Dotted Pair Notation

A representation of lists used in LispLanguage and its derivatives, in which ConsCells are shown as a parenthesized pair of elements separated by a period, such that a cons cell whose car pointed to A and its cdr pointed to B would be shown as:

(A . B)

While one in which the car pointed to A and the cdr pointed to a second cons cell who car pointed to B and whose cdr is NIL, would be:

(A . (B . NIL))

This latter would usually be shortened to the ProperList

(A B)

for readability's sake.


Newbie question: I am wondering why it's not prefix:

     (. A B)

(One reason is that it's legal to use the dot to construct "improper lists" where cdr of the last cons is not NIL. For example: '(2 4 6 . 8))

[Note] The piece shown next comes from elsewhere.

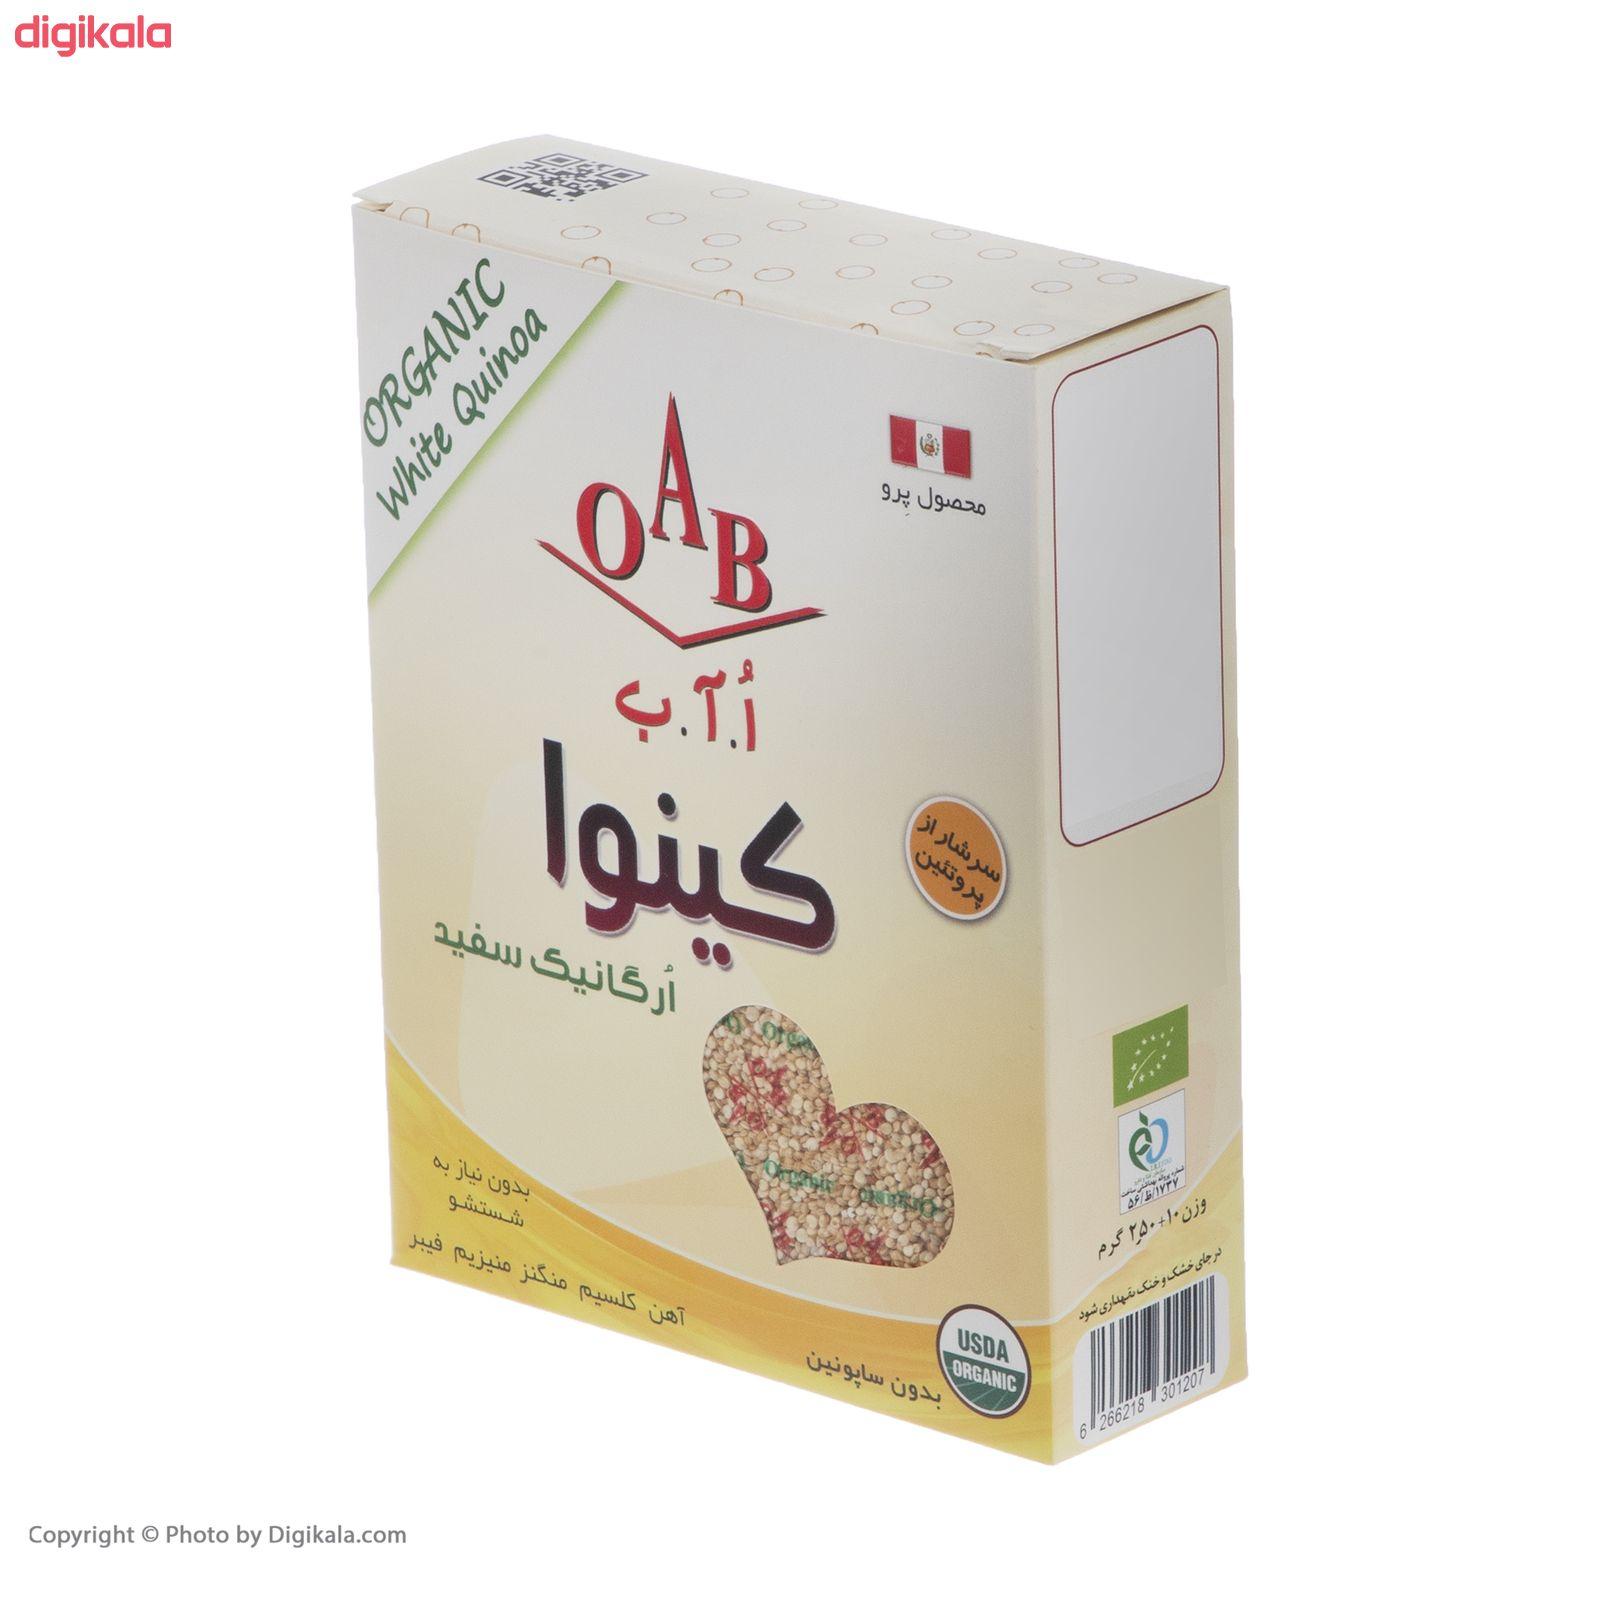 کینوا سفید ارگانیک اُ آ ب - 250 گرم  main 1 4

If the dot were a function, then indeed it would be prefix in Lisp, but it's not a function, anymore than the '(' or ')' are functions.

It's an interesting point, though. One could easily have a dialect of Lisp where the '.' was in fact a function that ran at parse time (a macro), in which case it would be most natural for it to be prefix, as in your example.

So, if you like looking at it that way, you could consider it an accident of history; it dates to 1959, well before macros of any kind were added to Lisp.

On the other hand, there is no natural way in Lisp to make the parenthesis into prefix functions as well. You have to have some syntax as a starting point. (The issue of lexical dispatch is, I think, too far afield here.)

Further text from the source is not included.